What are the disadvantages of letting your grapes get to ripe?


----------



## Deezil (Aug 26, 2013)

They lose acidity, which alters the flavor of the grape and pushes the winemaker into adding acids to help the finished product find some kind of balance.. But that balance can be hard to find because alongside losing the acidity, over-ripe grapes also contain more sugars which ends in a higher alcohol level..

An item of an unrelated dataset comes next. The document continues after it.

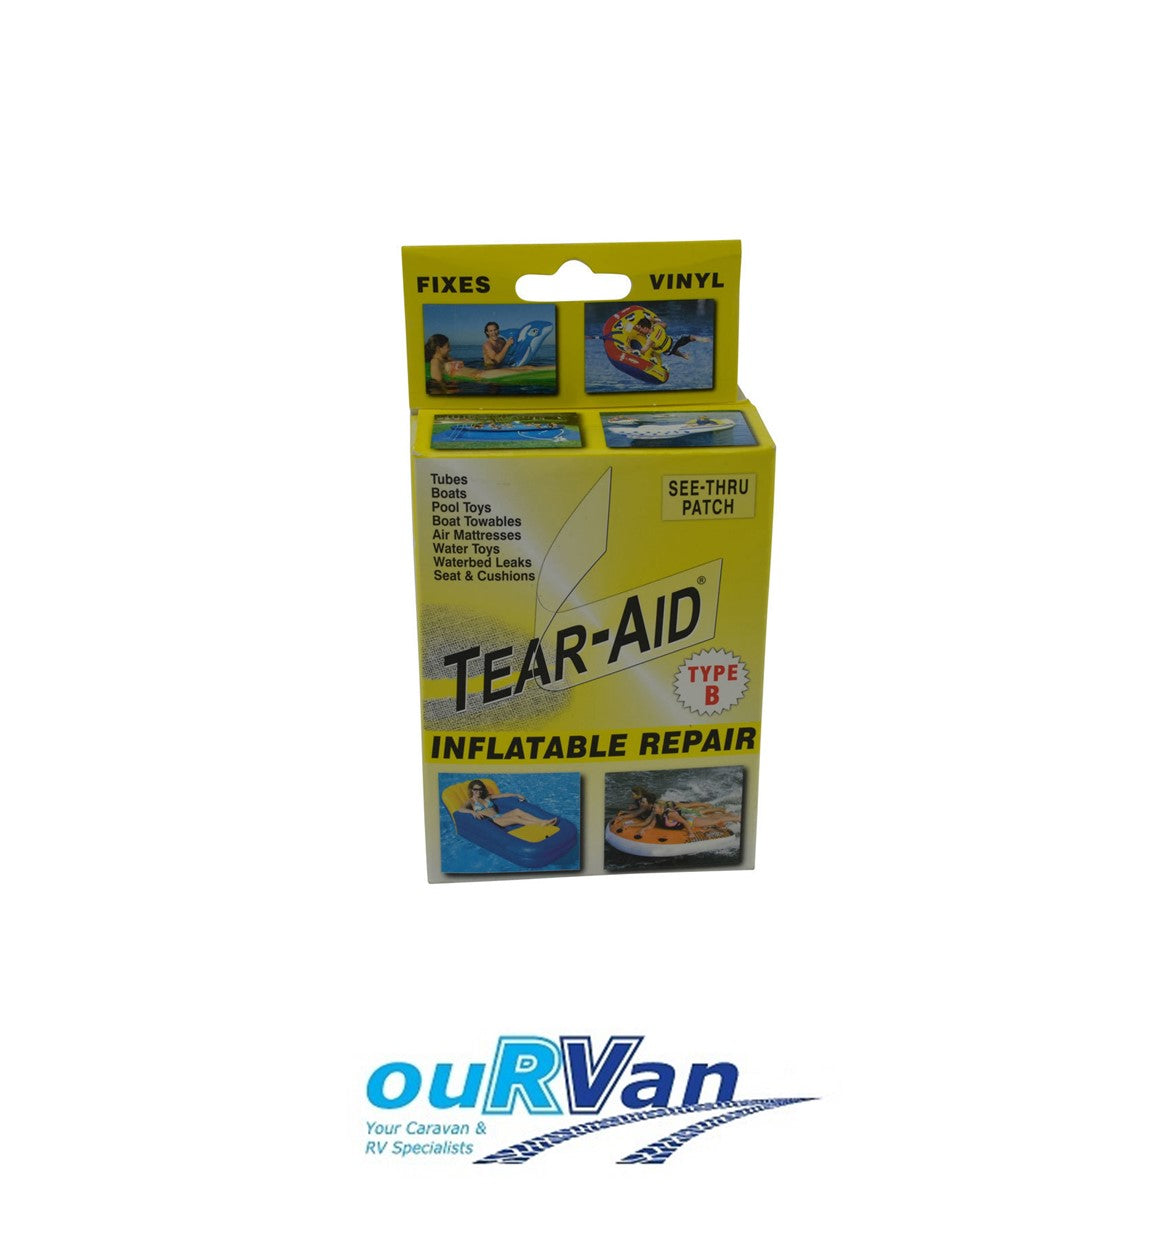 Tear-Aid Inflatable Repair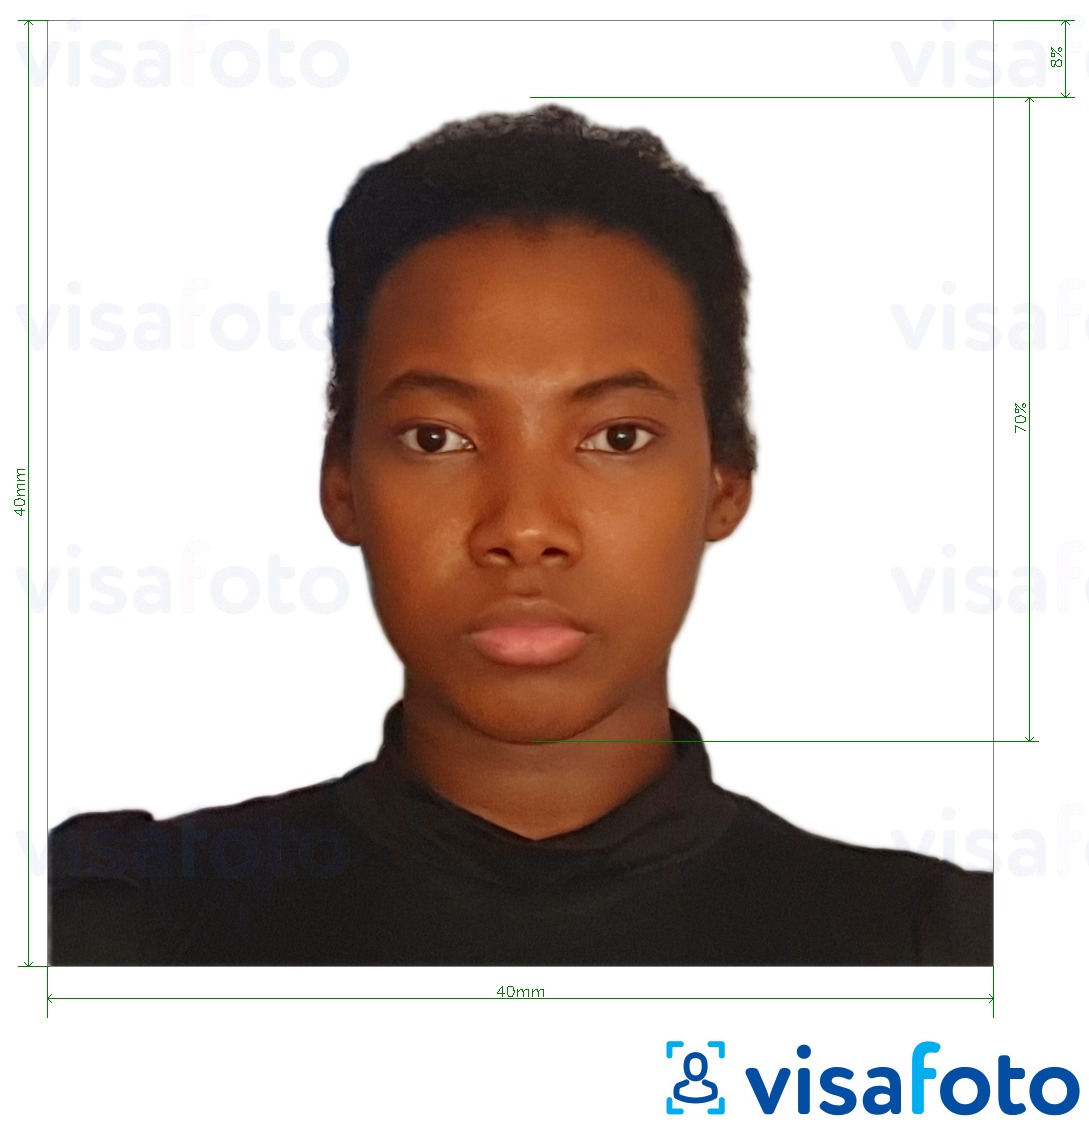 Exemplu de fotografie pentru Pașaport Madagascar 40x40 mm cu aceeași dimensiune indicată

High alcohol, low acidity - and the winemaker strives for balance.
Not a very helpful start.

Then theres the actual flavor differences, even after balancing
It's just not the same


----------



## mmadmikes1 (Aug 26, 2013)

That and mold tastes like crap


----------



## Deezil (Aug 27, 2013)

mmadmikes1 said:


> That and mold tastes like crap





Nice to see ya, Mike


----------



## Adame (Aug 28, 2013)

What if you are growing hybrid grapes that are high in acid and low on sugar. Lacrosse, Foch, Catawba,


----------



## ibglowin (Aug 28, 2013)

Sometimes they need some serious manipulation to bring down the acid. Blending with another grape lower in acid is also a good idea.


----------



## spaniel (Aug 29, 2013)

Adame said:


> What if you are growing hybrid grapes that are high in acid and low on sugar. Lacrosse, Foch, Catawba,



Let them hang as long as you can. I took down my Foch last weekend, 21 Brix and pH 3.3. Perfectly manageable with a MLF.


----------



## Adame (Aug 30, 2013)

Foch 3.2 ph 1-1.1 TA. Lacrosse 3.2-3.4 ph 1.1 TA. Current levels. Still hanging.


----------